Rick Warren, who has close ties and heavy influence in Uganda, is passing the buck, claiming that just focuses on his relief work and doesn’t take sides in politics:
Our role, and the role of the PEACE Plan, whether in Uganda or any other country, is always pastoral and never political. We vigorously oppose anything that hinders the goals of the PEACE Plan: Promoting reconciliation, Equipping ethical leaders, Assisting the poor, Caring for the sick, and Educating the next generation.”
But Warren won’t go so far as to condemn the legislation itself. A request for a broader reaction to the proposed Ugandan antihomosexual laws generated this response: “The fundamental dignity of every person, our right to be free, and the freedom to make moral choices are gifts endowed by God, our creator. However, it is not my personal calling as a pastor in America to comment or interfere in the political process of other nations.” On Meet the Press this morning, he reiterated this neutral stance in a different context: “As a pastor, my job is to encourage, to support. I never take sides.”

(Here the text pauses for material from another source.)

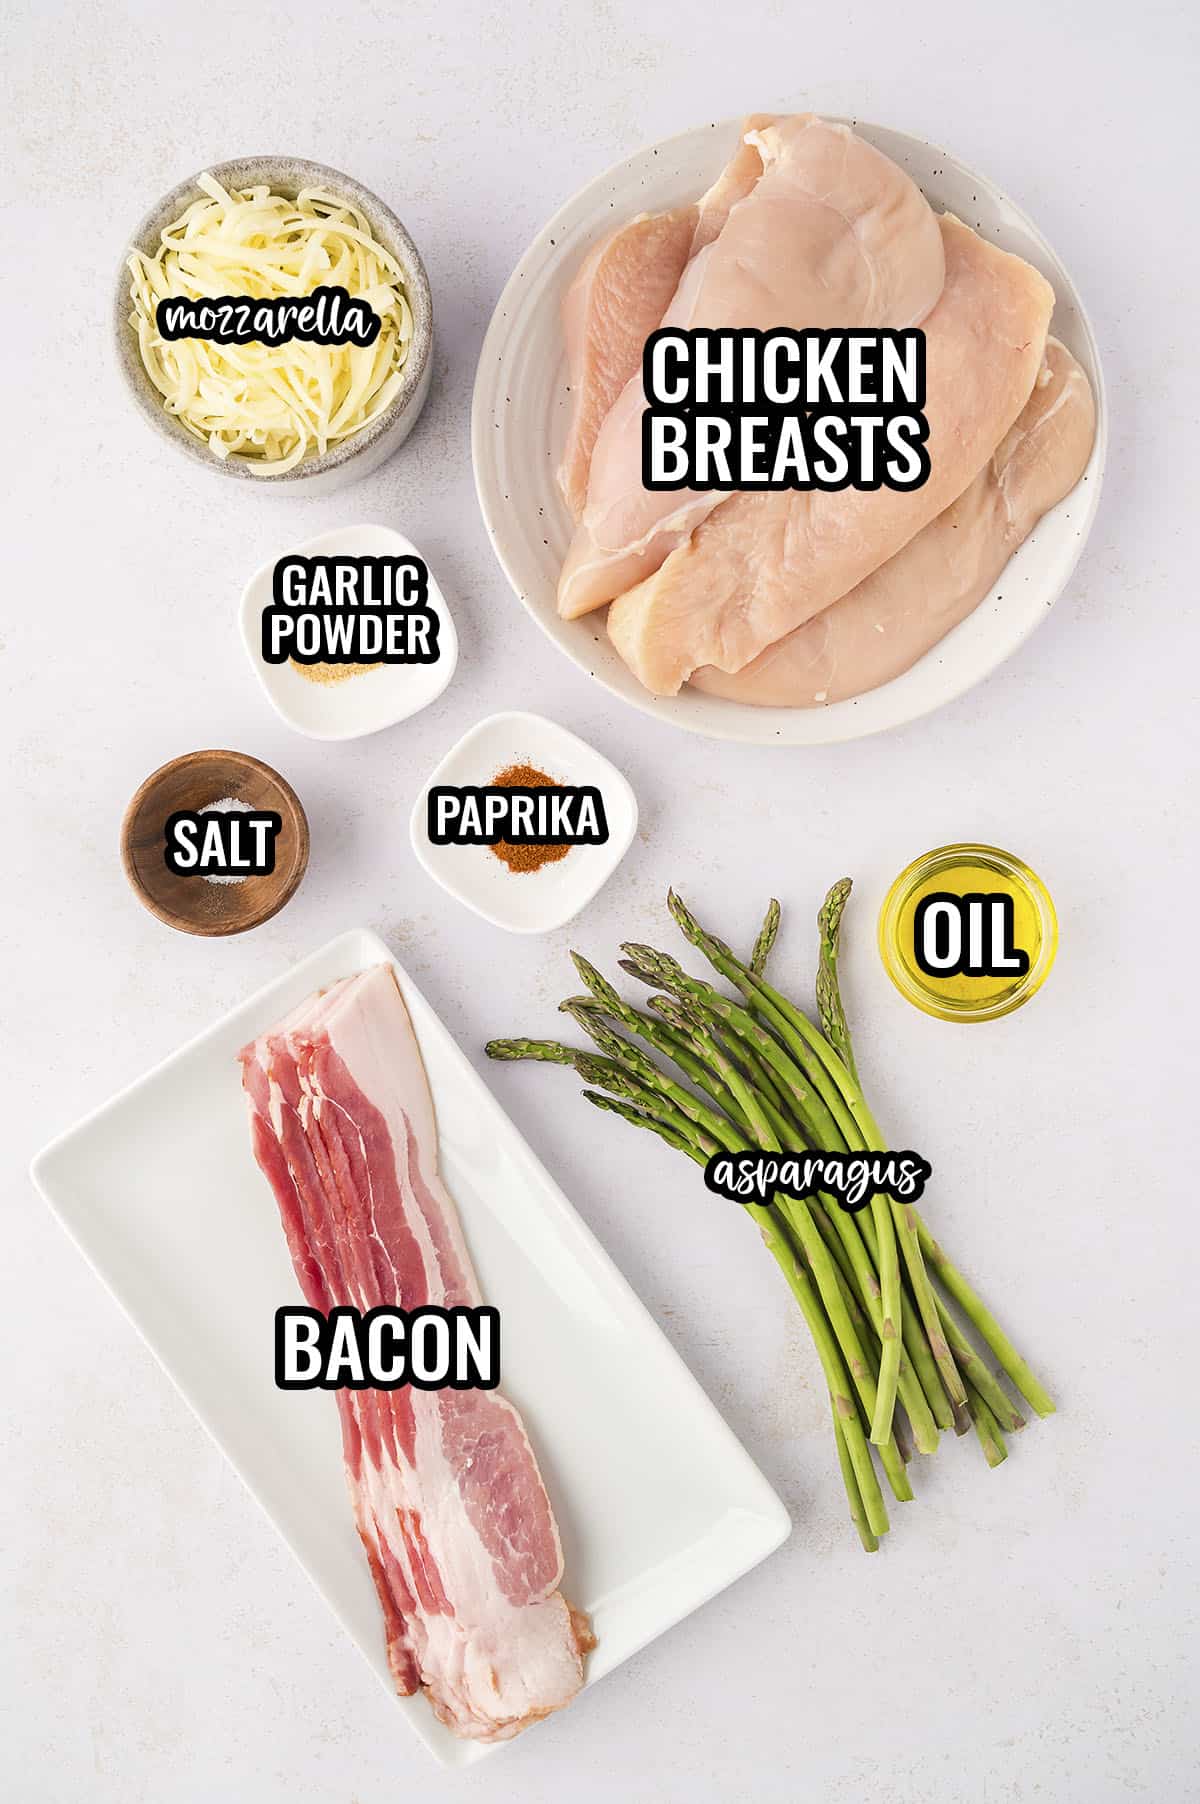 Ingredients for asparagus stuffed chicken breast recipe.

So he vigorously opposes anything that hinders his PEACE plan… but executing gay people doesn’t qualify? And “I never take sides” my ass. Warren takes sides all the time. He runs around calling abortion a “genocide,” but he can’t bring himself to even condemn a law that forces people to rat out their gay neighbors and mandates the execution of gay people. He should at least be honest: This law is the logical outcome of the hate-filled rhetoric that he and his compatriots have spewed in Africa, so he is simply indifferent.
It’s shameful. And yes, it enables murder and genocide.